● **What this task involves**
Your answer must be the exact lines from the one with "Elbe Philharmonic Hall" to the end of the data, both included, with no pictures.

● **Study material**
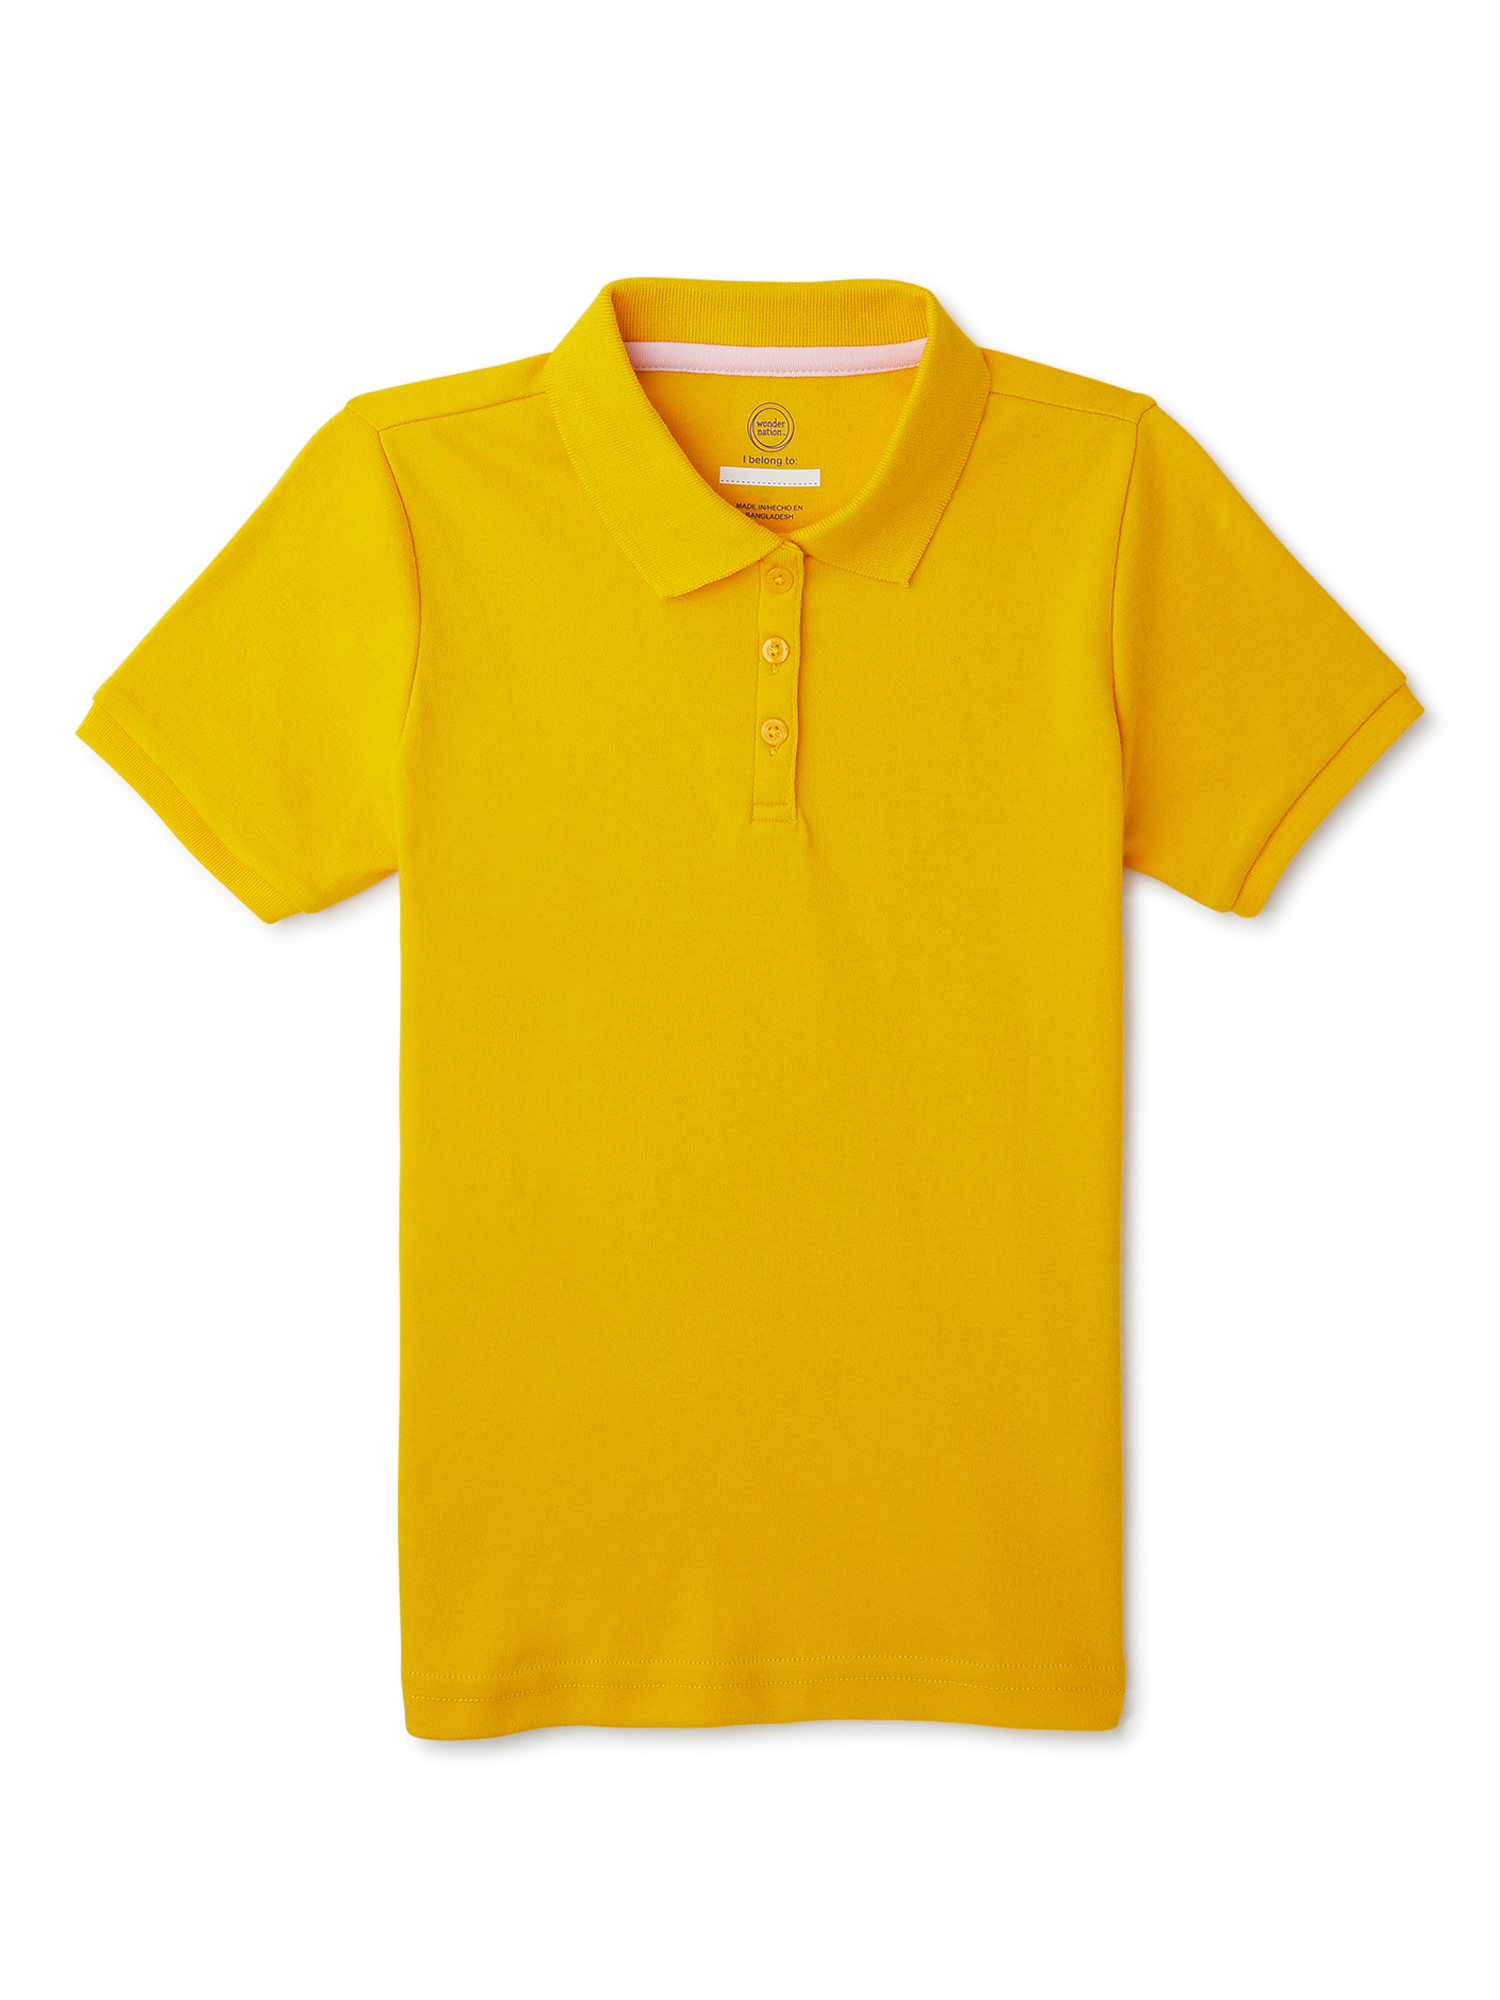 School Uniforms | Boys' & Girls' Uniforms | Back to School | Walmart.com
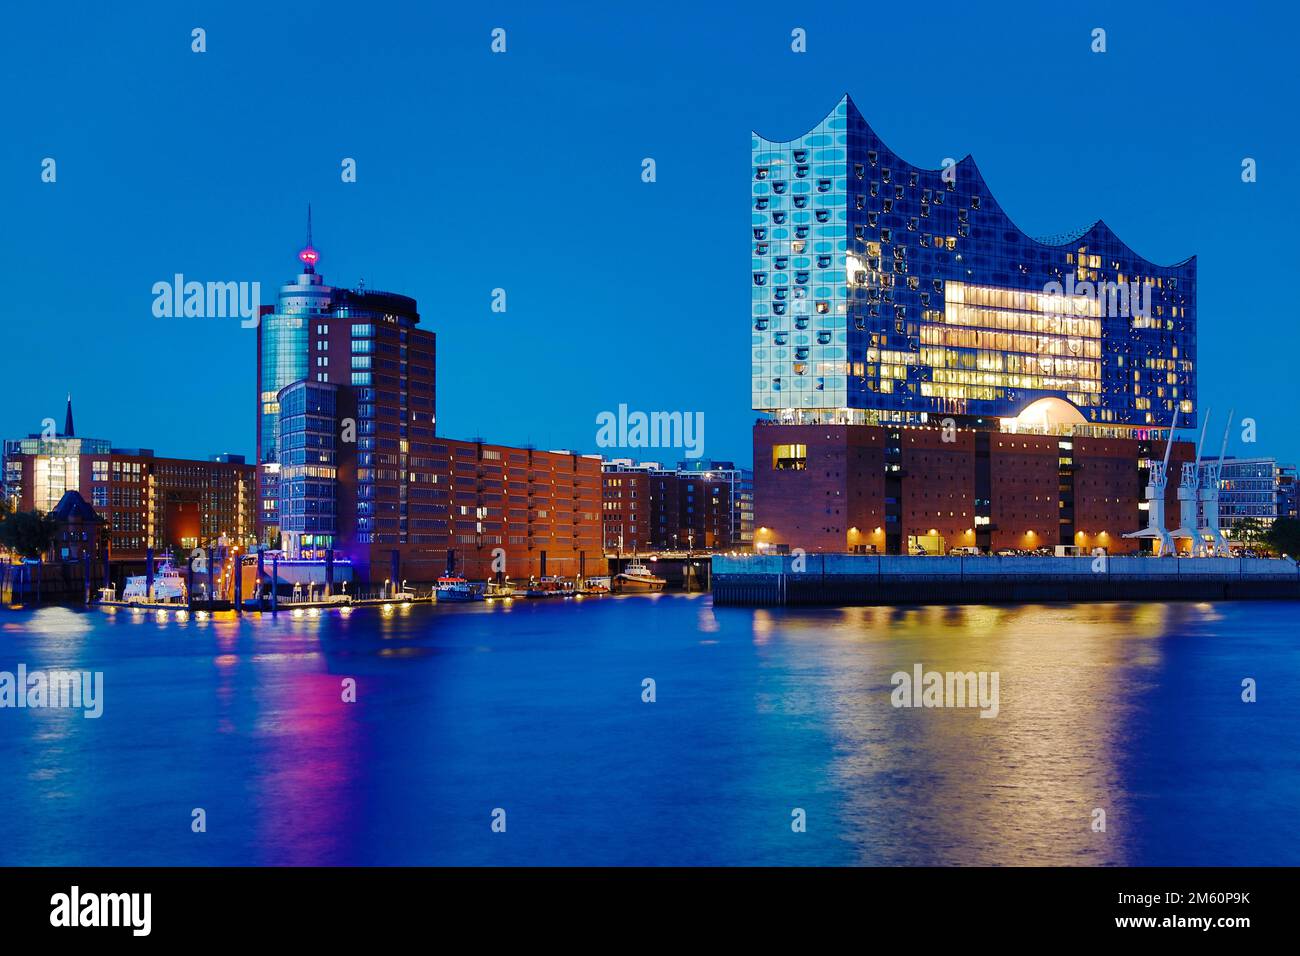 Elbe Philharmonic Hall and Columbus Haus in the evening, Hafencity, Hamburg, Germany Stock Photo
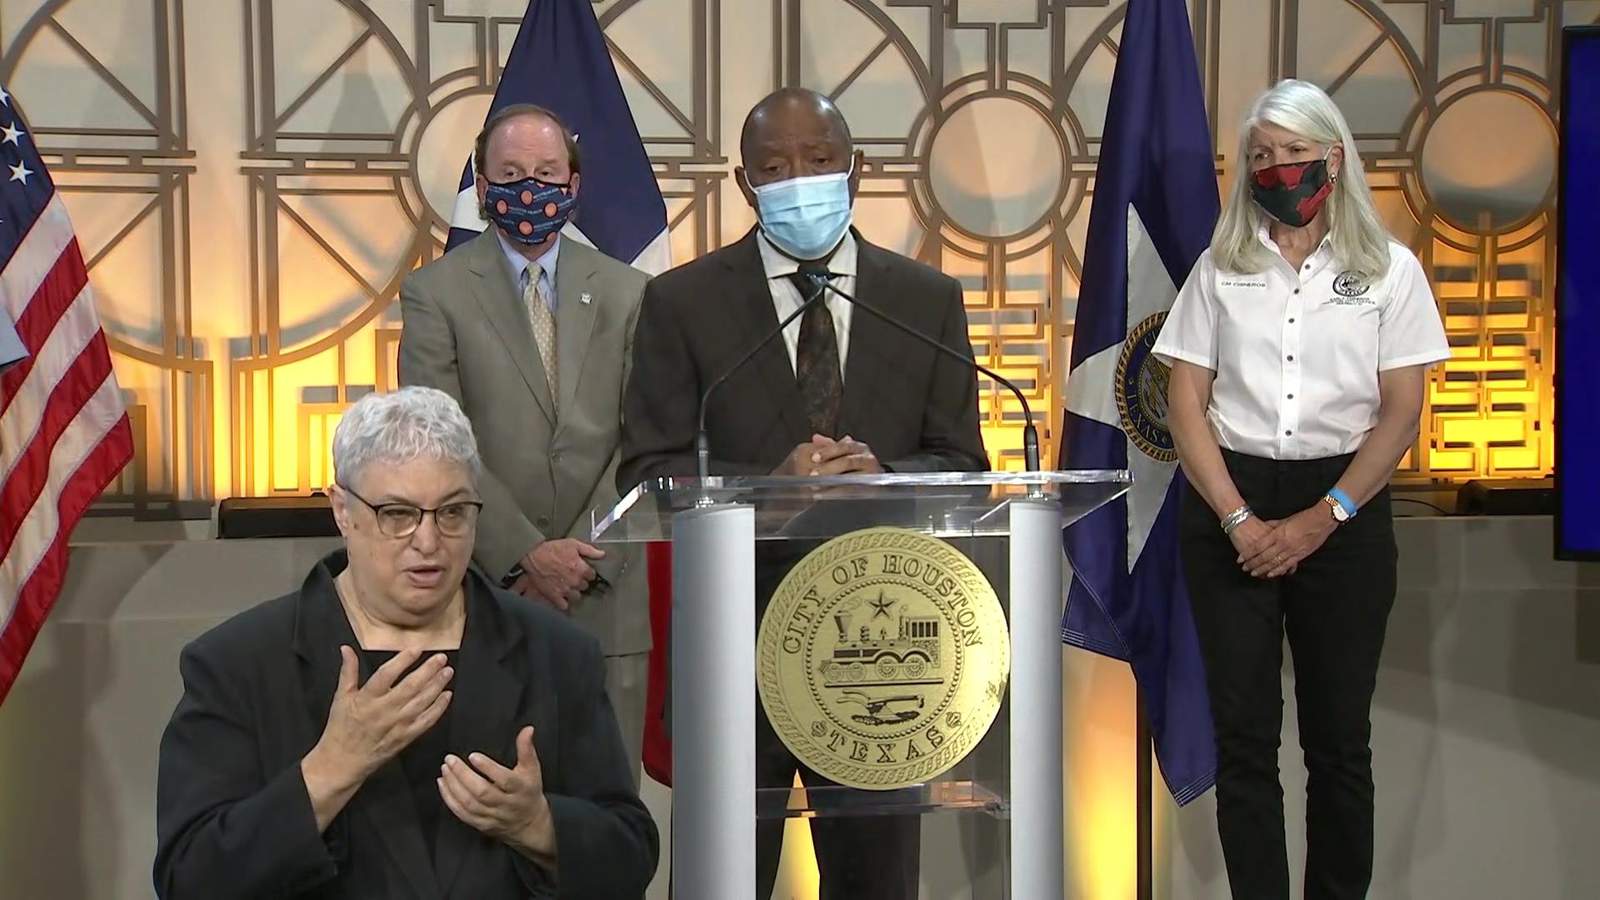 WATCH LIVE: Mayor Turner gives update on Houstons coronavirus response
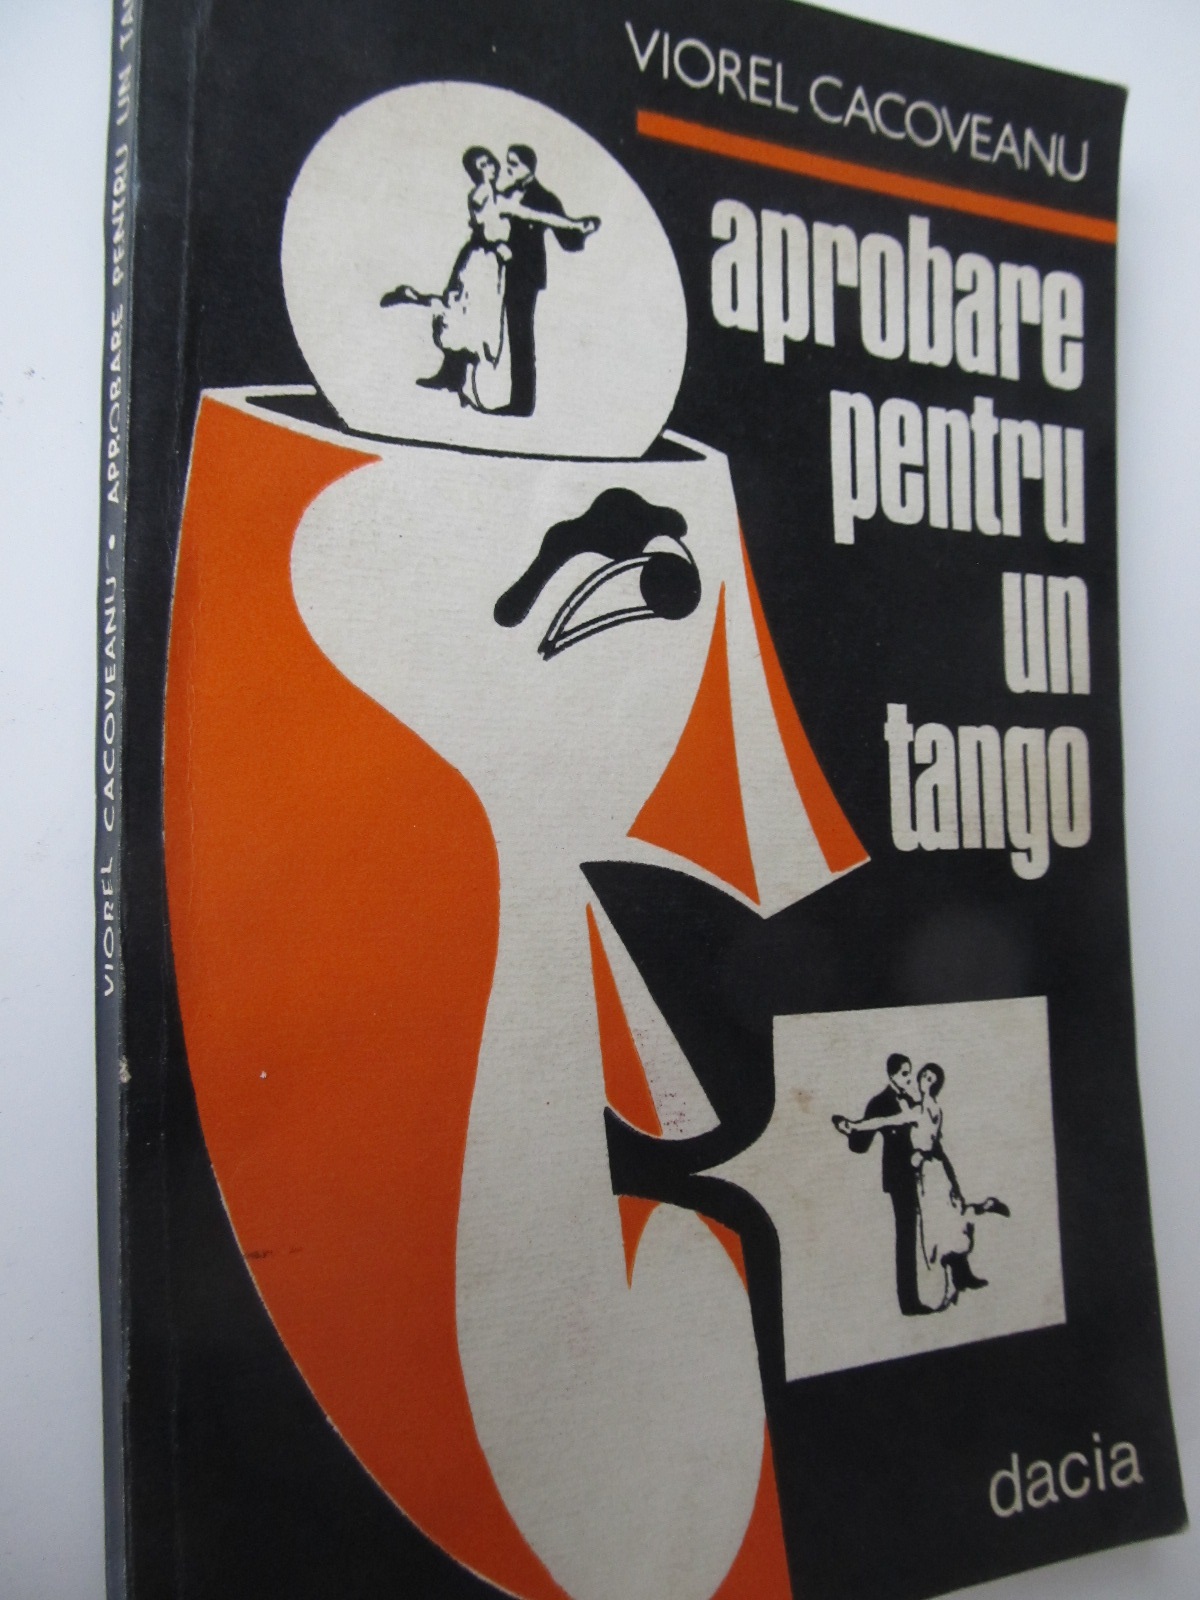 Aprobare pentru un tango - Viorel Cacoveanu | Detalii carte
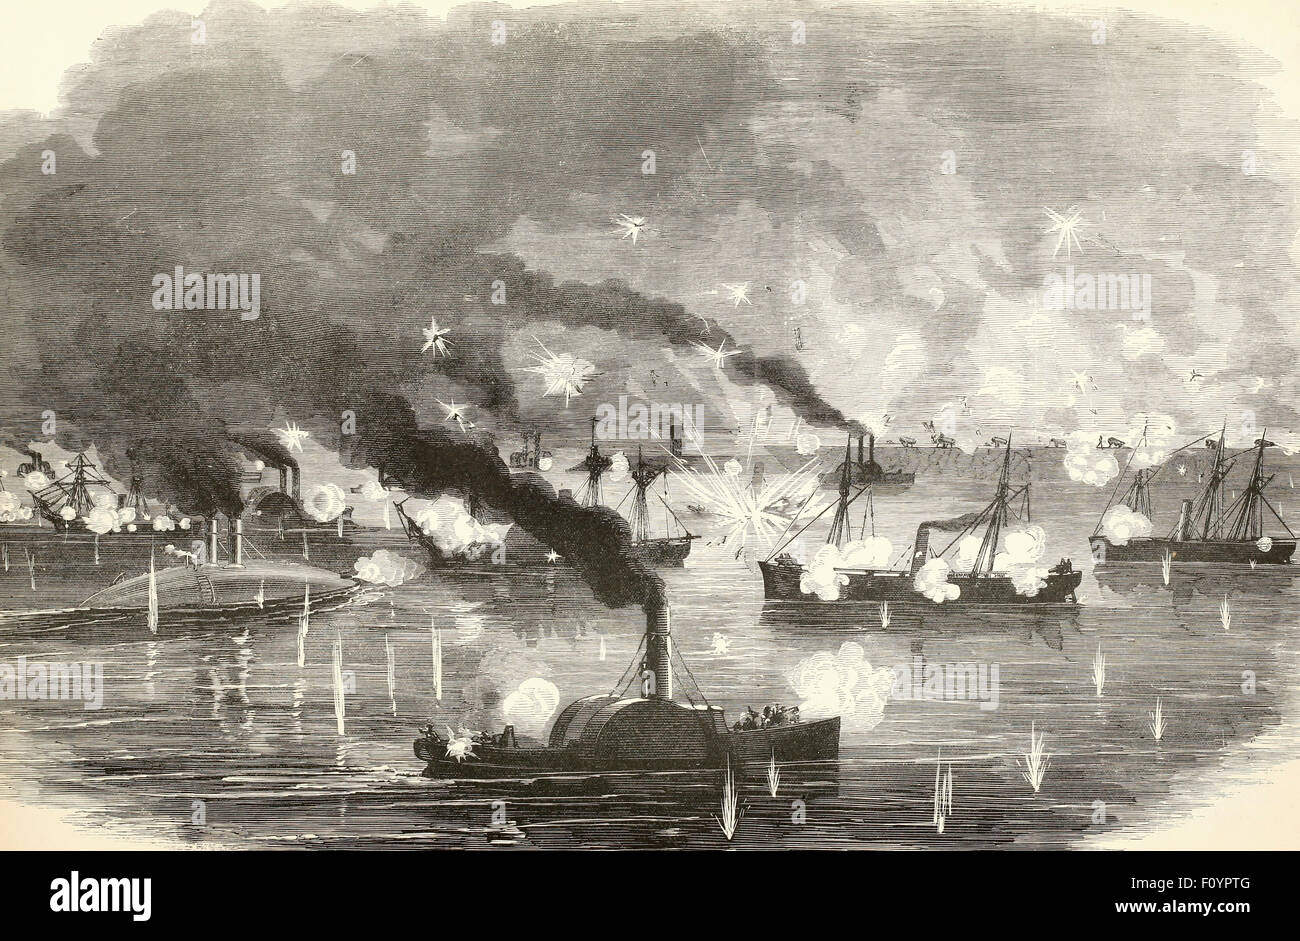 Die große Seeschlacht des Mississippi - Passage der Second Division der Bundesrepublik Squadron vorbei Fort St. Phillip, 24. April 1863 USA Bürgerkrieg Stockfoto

● **Final answer**
 Elbe Philharmonic Hall and Columbus Haus in the evening, Hafencity, Hamburg, Germany Stock Photo
 WATCH LIVE: Mayor Turner gives update on Houstons coronavirus response
 Aprobare pentru un tango - Viorel Cacoveanu | Detalii carte
 Die große Seeschlacht des Mississippi - Passage der Second Division der Bundesrepublik Squadron vorbei Fort St. Phillip, 24. April 1863 USA Bürgerkrieg Stockfoto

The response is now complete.